◆ Data below ◆
::::

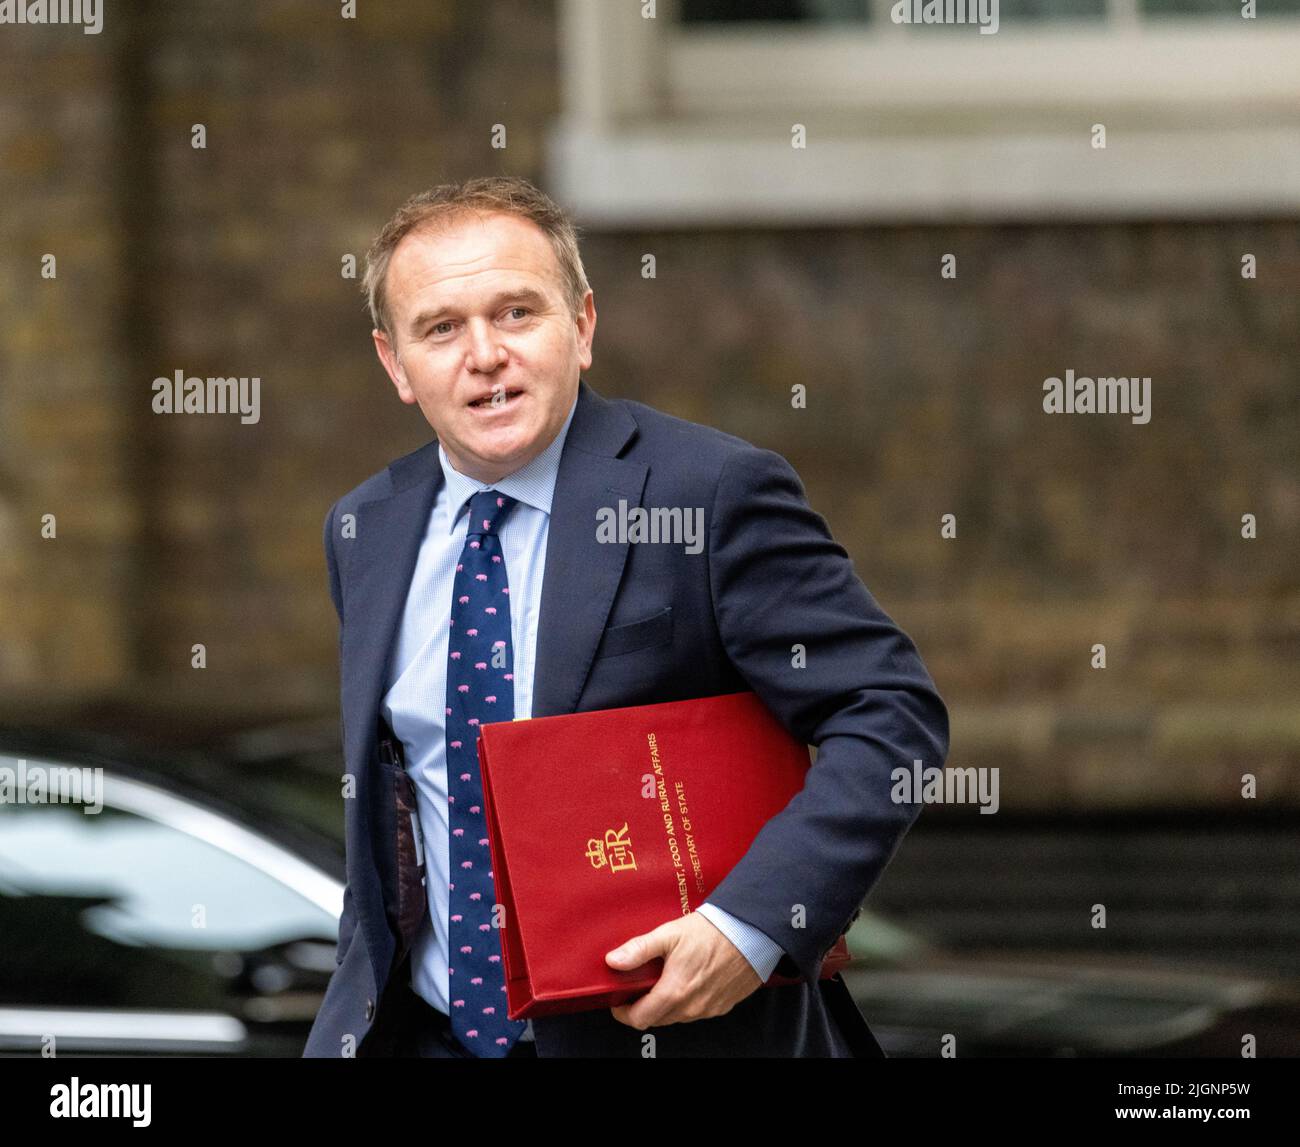 London, UK. 12th July, 2022. George Eustice, Environment Secretary, arrives at a cabinet meeting at 10 Downing Street London. Credit: Ian Davidson/Alamy Live News Stock Photo
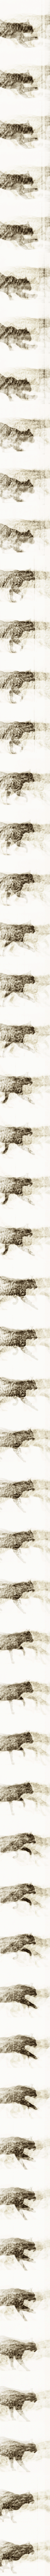 Cat Trotting, Changing To A Gallop (Soft-Light-6-0.132-129)
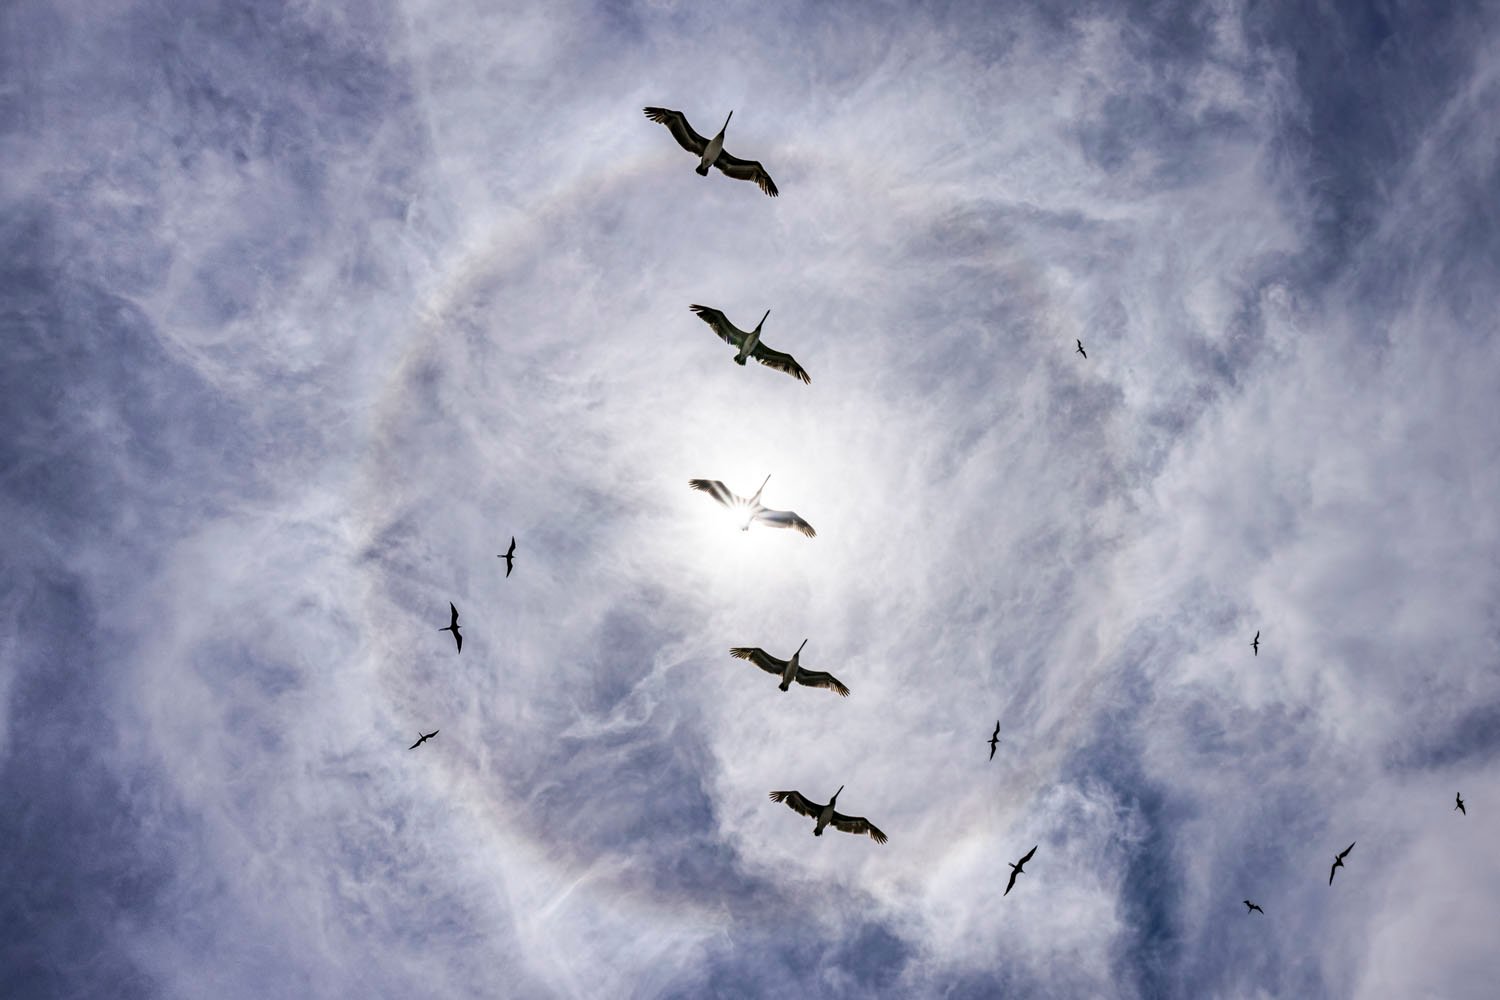 A flock of birds flying high in a dramatic sky, with wispy clouds surrounding a bright sun at the center, forming a radiant halo effect.
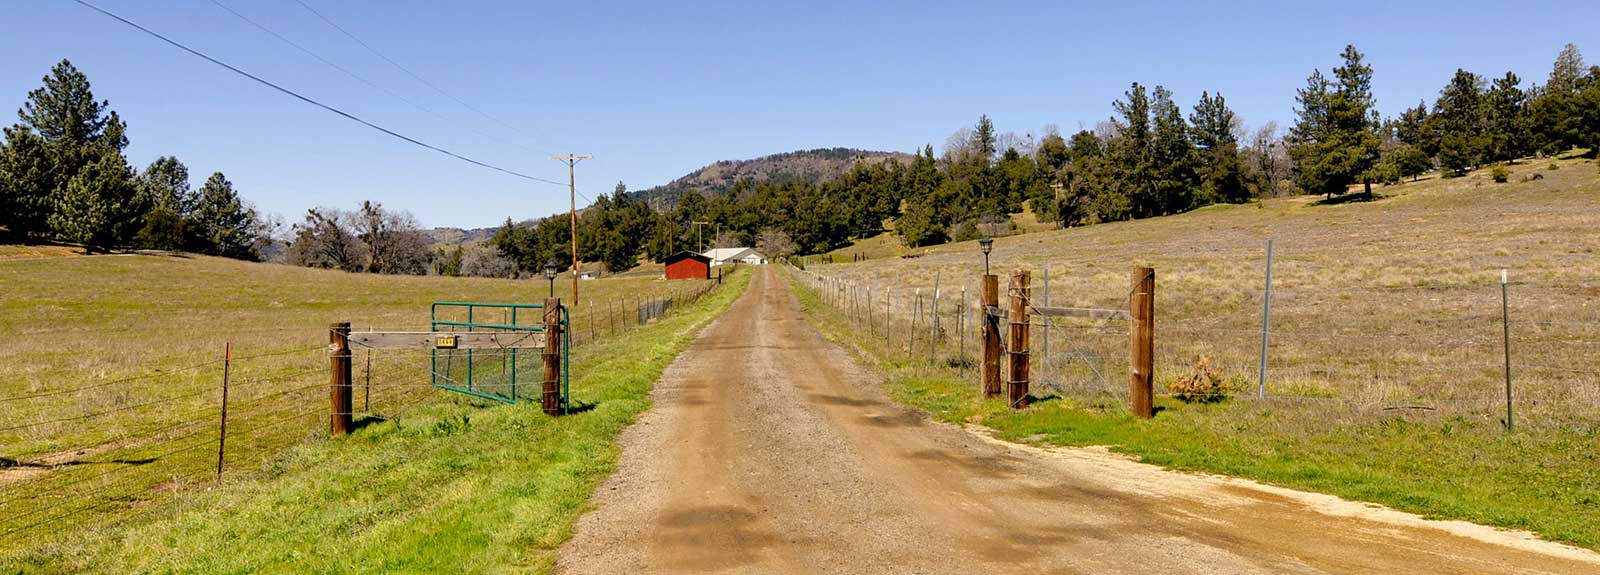 dirt road leading to red barn on a farm in julian ca

::::

◆ Task statement ◆
Except for the pictures, print the data above exactly.

◆ Task output ◆
 London, UK. 12th July, 2022. George Eustice, Environment Secretary, arrives at a cabinet meeting at 10 Downing Street London. Credit: Ian Davidson/Alamy Live News Stock Photo
 Cat Trotting, Changing To A Gallop (Soft-Light-6-0.132-129)
 A flock of birds flying high in a dramatic sky, with wispy clouds surrounding a bright sun at the center, forming a radiant halo effect.
 dirt road leading to red barn on a farm in julian ca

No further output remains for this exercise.